Investigating even further, and guessing your typical workload :),
I believe I may have discovered the source of your large number of
divisions by 10. Changing the set of source files I was feeding
cc1 suddenly resulted in large numbers of divisions with identical
operands:
udivdi3: 18446744073709551606 10
After fun in gdb trying to deal with LD_PRELOAD, I discovered that
the culprit is libcpp/expr.c:cpp_interpret_integer. Everytime the
C/C++ preprocessor processes a number larger than a single digit it
calculates a value "max" at which it should start worrying about
overflow. This didn't show up in my earlier investigations as I
was using preprocessed source files that could be fed directly to
cc1 without include paths, etc...
I'm not sure whether its better to tweak GCC or improve __divdi3,
but there are a number of possible fixes.
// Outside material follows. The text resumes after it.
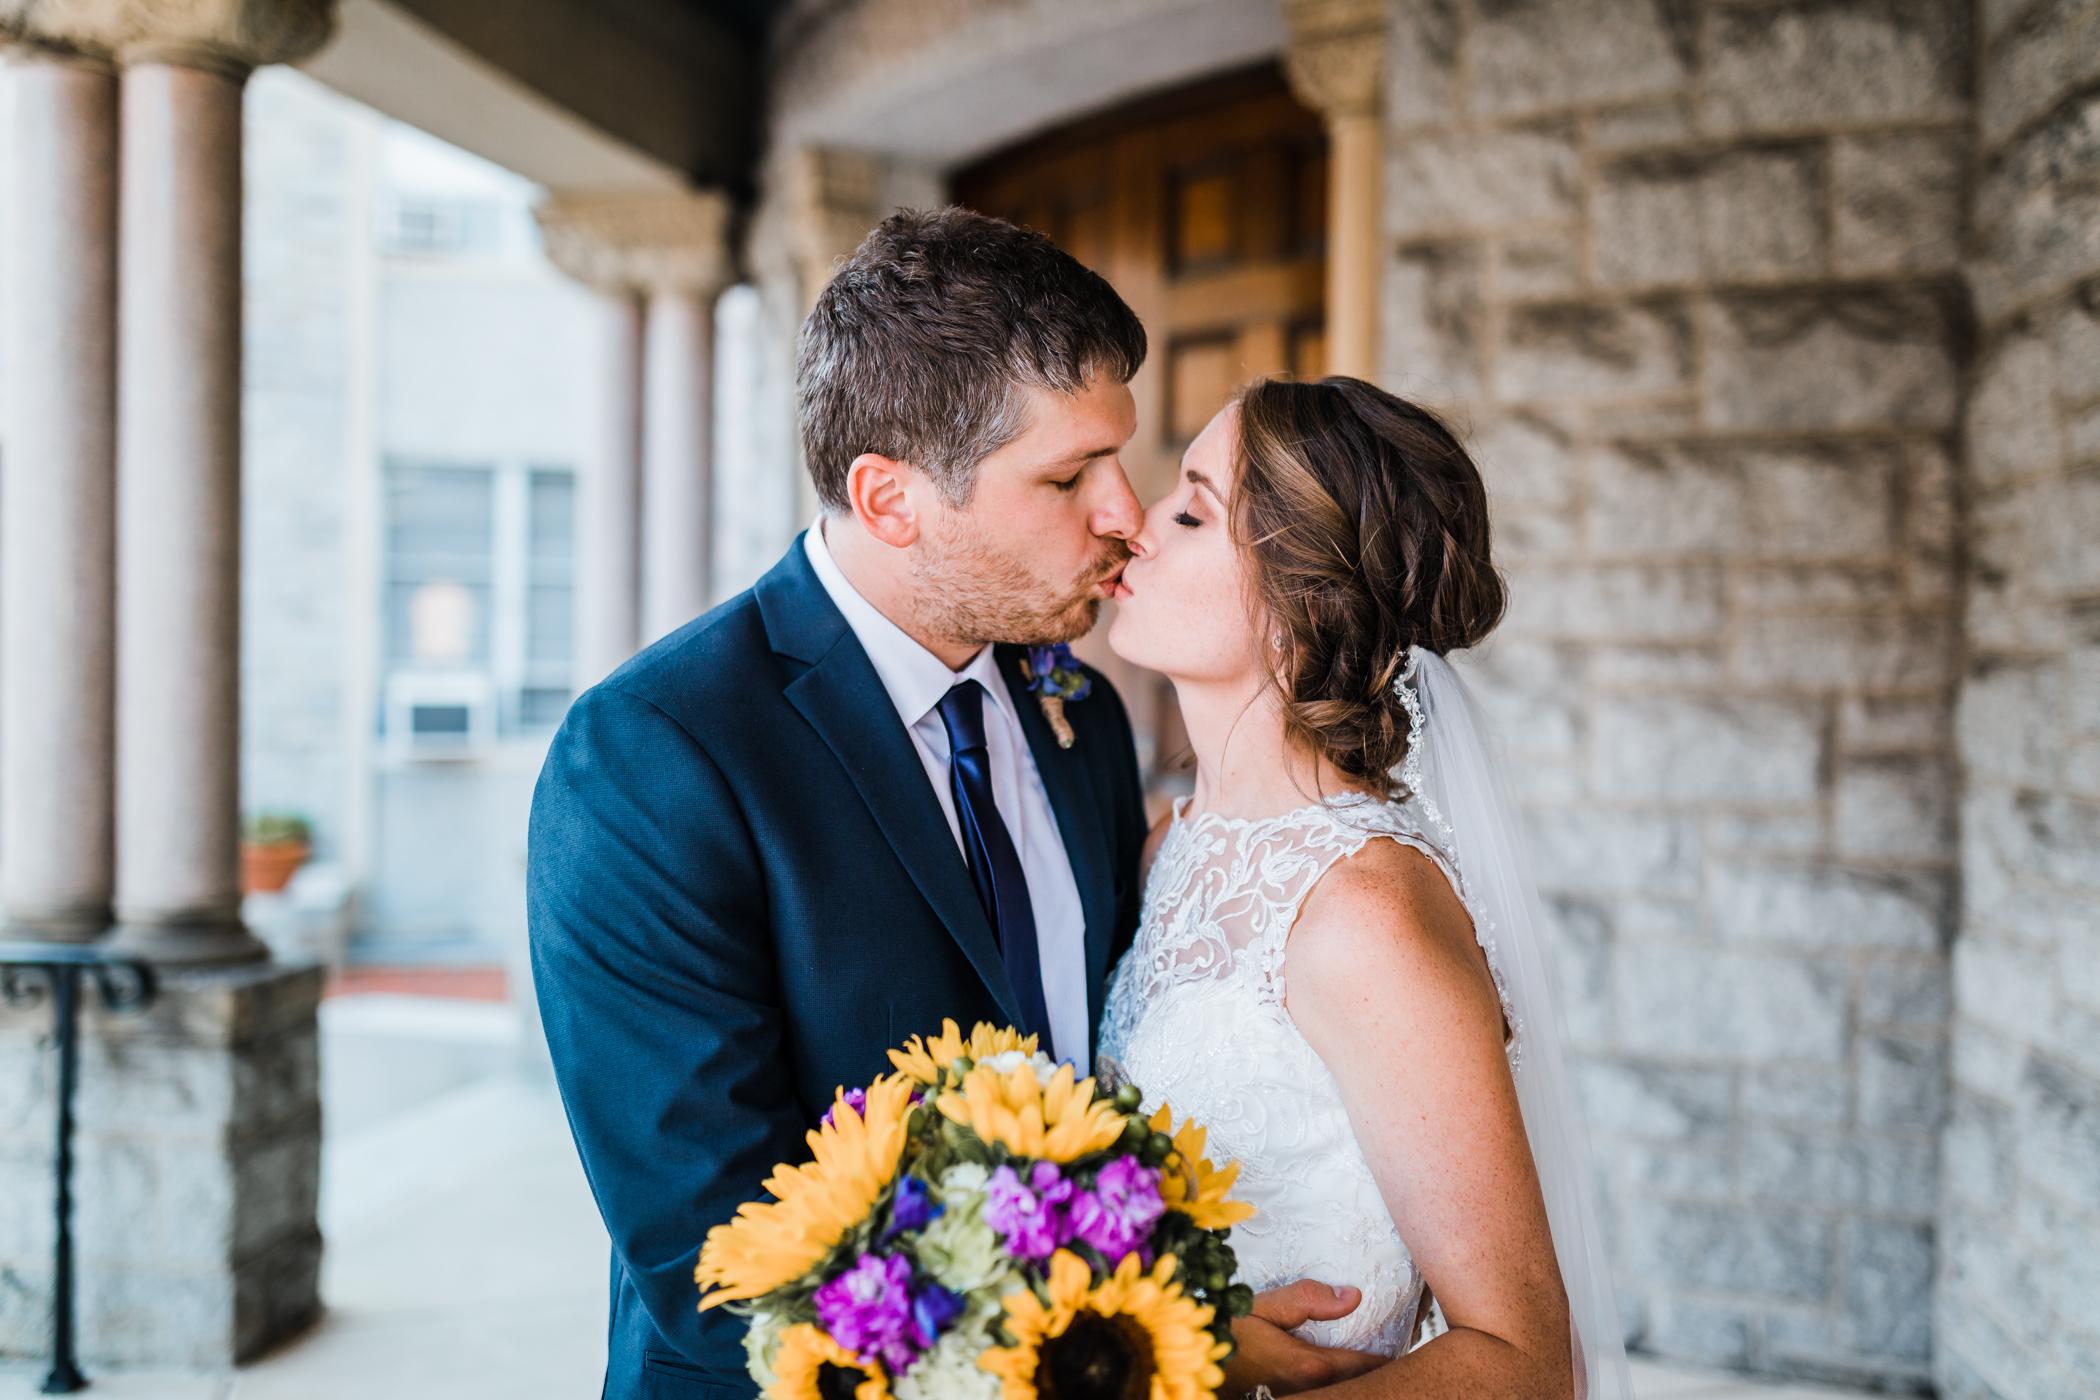 greek orthodox wedding in baltimore maryland - best maryland wedding photographer - husband and wife team

One is to move the
calculation of max a little earlier into the earlier clauses that
set base.
i.e. from
if ((type & CPP_N_RADIX) == CPP_N_OCTAL)
{
base = 8;
p++;
}
else if ((type & CPP_N_RADIX) == CPP_N_HEX)
{
base = 16;
p += 2;
}
/* We can add a digit to numbers strictly less than this without
needing the precision and slowness of double integers. */
max = ~(cpp_num_part) 0;
if (precision < PART_PRECISION)
max >>= PART_PRECISION - precision;
max = (max - base + 1) / base + 1;
into
max = ~(cpp_num_part) 0;
if (precision < PART_PRECISION)
max >>= PART_PRECISION - precision;
if ((type & CPP_N_RADIX) == CPP_N_OCTAL)
{
max = (max - 7) / 8 + 1;
base = 8;
p++;
}
else if ((type & CPP_N_RADIX) == CPP_N_HEX)
{
max = (max - 15) / 16 + 1;
base = 16;
p += 2;
}
else
max = (max - 9) / 10 + 1;
But an even better alternative is to realize that PART_PRECISION is
a compile-time constant, and CPP_OPTION (pfile, precision) is a
run-time constant, meaning that max8, max10 and max16 should all be
constants across a compilation unit and could be calculated once
and stored in cpp_reader (or statically).